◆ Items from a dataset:
○ ○ ○ ○

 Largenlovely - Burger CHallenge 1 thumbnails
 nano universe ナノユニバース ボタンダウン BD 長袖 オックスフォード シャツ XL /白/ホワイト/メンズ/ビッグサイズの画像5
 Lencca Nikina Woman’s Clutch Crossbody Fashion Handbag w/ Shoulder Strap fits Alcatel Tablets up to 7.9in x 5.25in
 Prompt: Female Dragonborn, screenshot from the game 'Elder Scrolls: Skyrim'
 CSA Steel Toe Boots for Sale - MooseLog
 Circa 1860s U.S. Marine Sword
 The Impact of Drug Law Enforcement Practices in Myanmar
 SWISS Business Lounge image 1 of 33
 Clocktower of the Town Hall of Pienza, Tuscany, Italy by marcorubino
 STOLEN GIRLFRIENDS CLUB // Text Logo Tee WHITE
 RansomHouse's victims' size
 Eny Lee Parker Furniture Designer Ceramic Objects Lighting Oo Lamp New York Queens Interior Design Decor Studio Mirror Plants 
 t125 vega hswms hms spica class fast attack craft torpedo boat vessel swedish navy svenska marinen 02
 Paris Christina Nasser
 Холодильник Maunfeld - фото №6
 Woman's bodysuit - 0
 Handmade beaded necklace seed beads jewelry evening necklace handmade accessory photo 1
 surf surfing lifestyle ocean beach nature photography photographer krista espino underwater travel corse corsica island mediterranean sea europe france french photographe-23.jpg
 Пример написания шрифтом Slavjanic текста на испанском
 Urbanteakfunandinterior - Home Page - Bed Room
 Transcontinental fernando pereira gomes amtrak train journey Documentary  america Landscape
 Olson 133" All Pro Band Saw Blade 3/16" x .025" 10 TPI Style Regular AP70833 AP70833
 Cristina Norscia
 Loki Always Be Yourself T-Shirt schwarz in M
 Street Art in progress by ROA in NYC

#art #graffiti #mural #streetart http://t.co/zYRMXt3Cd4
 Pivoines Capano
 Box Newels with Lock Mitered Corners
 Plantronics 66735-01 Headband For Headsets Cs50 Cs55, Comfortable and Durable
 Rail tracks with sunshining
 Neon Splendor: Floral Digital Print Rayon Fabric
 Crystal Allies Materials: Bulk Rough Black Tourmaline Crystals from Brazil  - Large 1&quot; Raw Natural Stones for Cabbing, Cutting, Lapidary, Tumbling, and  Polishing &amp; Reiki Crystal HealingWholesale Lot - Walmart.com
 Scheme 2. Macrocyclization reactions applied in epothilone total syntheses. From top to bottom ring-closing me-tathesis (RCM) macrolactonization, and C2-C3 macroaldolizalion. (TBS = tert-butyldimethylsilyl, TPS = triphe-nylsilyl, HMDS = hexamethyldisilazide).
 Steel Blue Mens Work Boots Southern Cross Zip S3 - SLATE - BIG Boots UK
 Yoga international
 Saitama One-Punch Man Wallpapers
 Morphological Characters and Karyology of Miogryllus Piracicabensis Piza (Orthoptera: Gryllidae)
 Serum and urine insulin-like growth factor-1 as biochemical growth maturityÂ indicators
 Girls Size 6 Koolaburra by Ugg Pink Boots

○ ○ ○ ○

◆ What the task asks: Will you return exactly the lines above from the one with "Handmade beaded necklace" down to the one with "Urbanteakfunandinterior - Home", counting both as part of the range?

◆ Written answer:
 Handmade beaded necklace seed beads jewelry evening necklace handmade accessory photo 1
 surf surfing lifestyle ocean beach nature photography photographer krista espino underwater travel corse corsica island mediterranean sea europe france french photographe-23.jpg
 Пример написания шрифтом Slavjanic текста на испанском
 Urbanteakfunandinterior - Home Page - Bed Room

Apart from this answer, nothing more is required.